I originally developed it on Linux, so there is probably a series of corner cases for MacOS that we have not covered. I suppose you're at the step of executing ./run.sh? A bit of research indicates that getopt as provided by MacOS does not support long options: https://stackoverflow.com/questions/12152077/how-can-i-make-bash-deal-with-long-param-using-getopt-command-in-mac

There's a branch ("macos") ready in our repository replacing GNU getopts by the bash-builtin getopt that should make it work. If there are any further issues, don't hesitate to ask. https://github.com/NaPiRE/project_riskdrivenRE/tree/macos

The repository is currently private, but should become public within a few hours so you can pull it easily.

Best regards, Florian

[michaelrath-work]

Hi, I installed your artifact inside a Ubuntu 20.04 docker container. Installation works. However, when executing the run.sh script, the web UI does not work. The console output reads

Starting napire analysis REST service on http://127.0.0.1:8888
┌ Error: (ErrorException("type Regex has no field match_data"), Base.StackTraces.StackFrame[getproperty(::Regex, ::Symbol) at Base.jl:33, exec(::Regex, ::String, ::Int64) at parseutils.jl:4, exec(::Regex, ::String) at parseutils.jl:4, parse_request_line!(::String, ::HTTP.Messages.Request) at Parsers.jl:159, parse_start_line!(::String, ::HTTP.Messages.Request) at Messages.jl:481, readheaders(::HTTP.ConnectionPool.Transaction{Sockets.TCPSocket}, ::HTTP.Messages.Request) at Messages.jl:474, startread(::HTTP.Streams.Stream{HTTP.Messages.Request,HTTP.ConnectionPool.Transaction{Sockets.TCPSocket}}) at Streams.jl:153, handle_transaction(::HTTP.Handlers.var"#4#5"{HTTP.Handlers.RequestHandlerFunction{napire.web.var"#68#74"{Dict{NamedTuple,NamedTuple}}}}, ::HTTP.ConnectionPool.Transaction{Sockets.TCPSocket}; final_transaction::Bool) at Servers.jl:332, (::HTTP.Servers.var"#handle_transaction##kw")(::NamedTuple{(:final_transaction,),Tuple{Bool}}, ::typeof(HTTP.Servers.handle_transaction), ::Function, ::HTTP.ConnectionPool.Transaction{Sockets.TCPSocket}) at Servers.jl:328, handle_connection(::Function, ::HTTP.ConnectionPool.Connection{Sockets.TCPSocket}, ::Int64, ::Int64) at Servers.jl:291, macro expansion at Servers.jl:249 [inlined], (::HTTP.Servers.var"#8#9"{HTTP.Handlers.var"#4#5"{HTTP.Handlers.RequestHandlerFunction{napire.web.var"#68#74"{Dict{NamedTuple,NamedTuple}}}},Base.RefValue{Int64},Int64,Int64,Bool,HTTP.ConnectionPool.Connection{Sockets.TCPSocket},Sockets.TCPSocket,Int64})() at task.jl:358])
└ @ HTTP.Servers ~/.julia/packages/HTTP/GN0Te/src/Servers.jl:255

I used the code from here https://github.com/researchart/rose7re20/tree/master/submissions/125-vogelsang.

Regards,

Michael

[fwiesweg]

Dear Michael,

seems as if a piece of API has been removed in Julia 1.3. Unfortunately, that error happens quite deep in a library we're using. I just tried to upgrade the whole stack but that's pretty invasive.

You can make it work reliably on Julia 1.1.1, though, which can be downloaded here: https://julialang.org/downloads/oldreleases/

It just needs to be extracted and added to PATH before starting run.sh.

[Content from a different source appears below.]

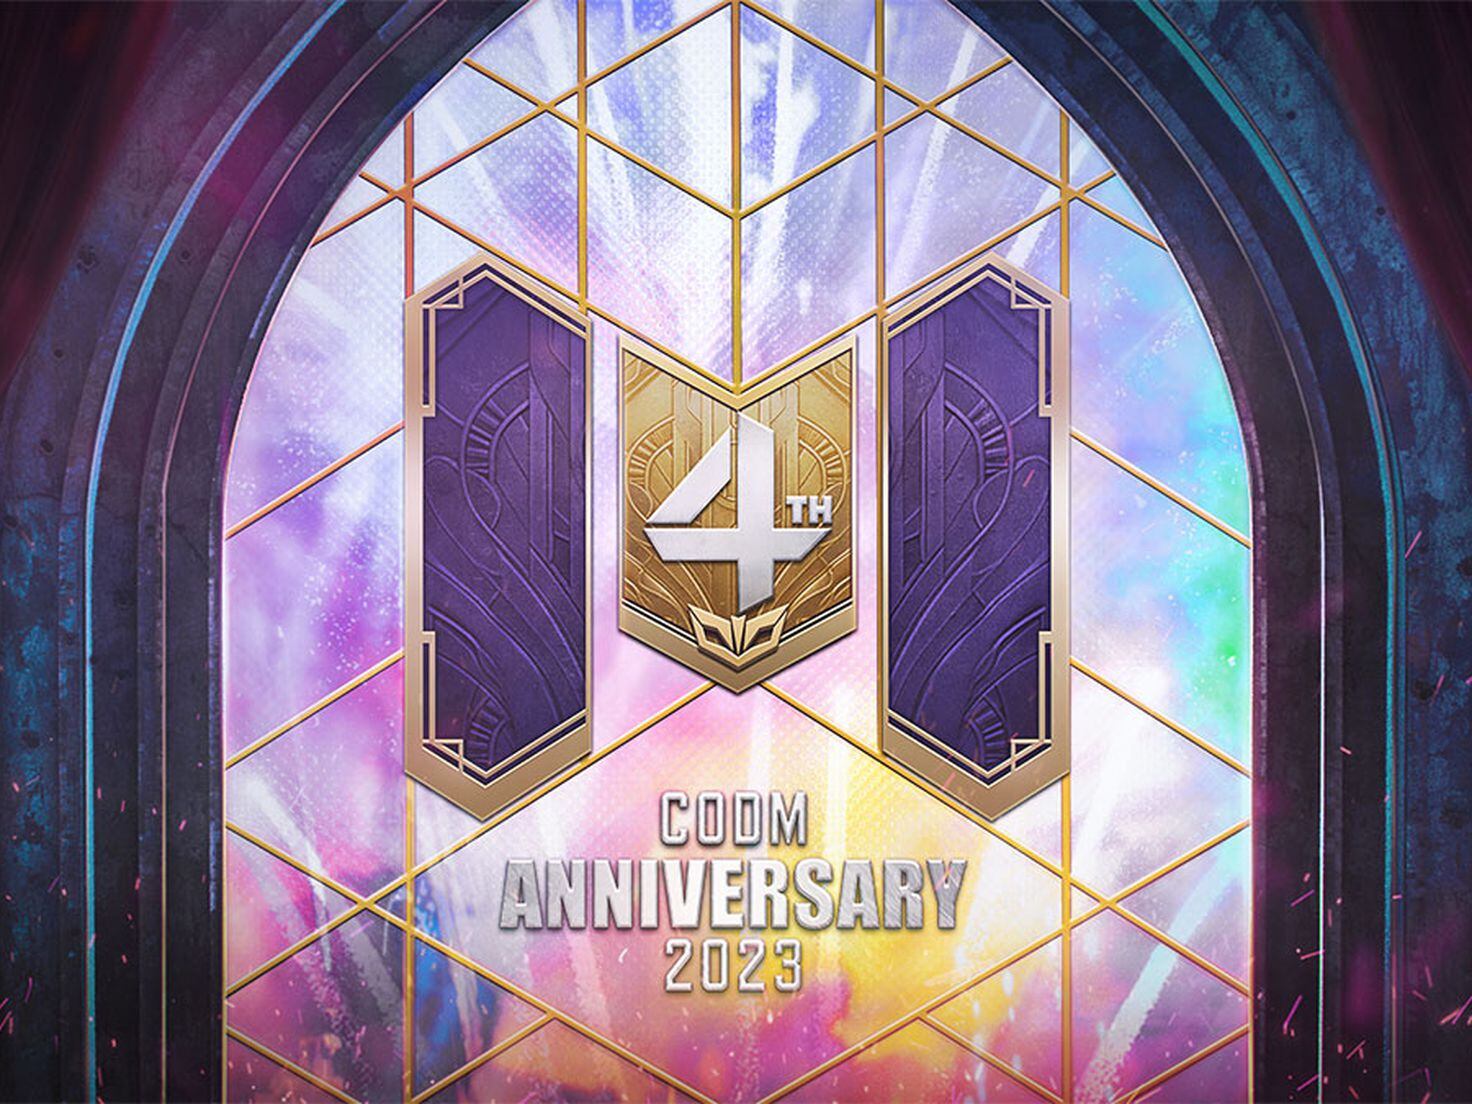 Free Legendary M4 on Anniversary? 4 New Codes & Club!

wget https://julialang-s3.julialang.org/bin/linux/x64/1.1/julia-1.1.1-linux-x86_64.tar.gz
tar -xf julia-1.1.1-linux-x86_64.tar.gz
export PATH=/home/fwiesweg/Zwischenspeicher/julia-1.1.1/bin/:$PATH
julia -v   # should print "julia version 1.1.1"
napire/run.sh

Best regards, Florian

[michaelrath-work]

Hi Florian,

switching to the older julia version solves the problem. I can see the evaluation interface on /web. However, /userweb is blank. Is that the correct behavior?

Best regards, Michael

[fabianodalp]

Thank you all for the good discussion so far. Just a heads up: not too relevant for this track, but it is important to know that using older versions of these libraries raises quite some security concerns, see what GitHub automatically flagged about the submission :)

[colinwerner]

I got it working on MacOS (with one small change https://github.com/NaPiRE/project_riskdrivenRE/pull/1) and downgrading Julia to 1.1.1.

[fwiesweg]

Dear Michael,

no, you should definitely see something alike to the blue-ish screenshot in the paper. Do you have JavaScript turned on or are you using some non-standard browser? That's the most common reason when this happens to me.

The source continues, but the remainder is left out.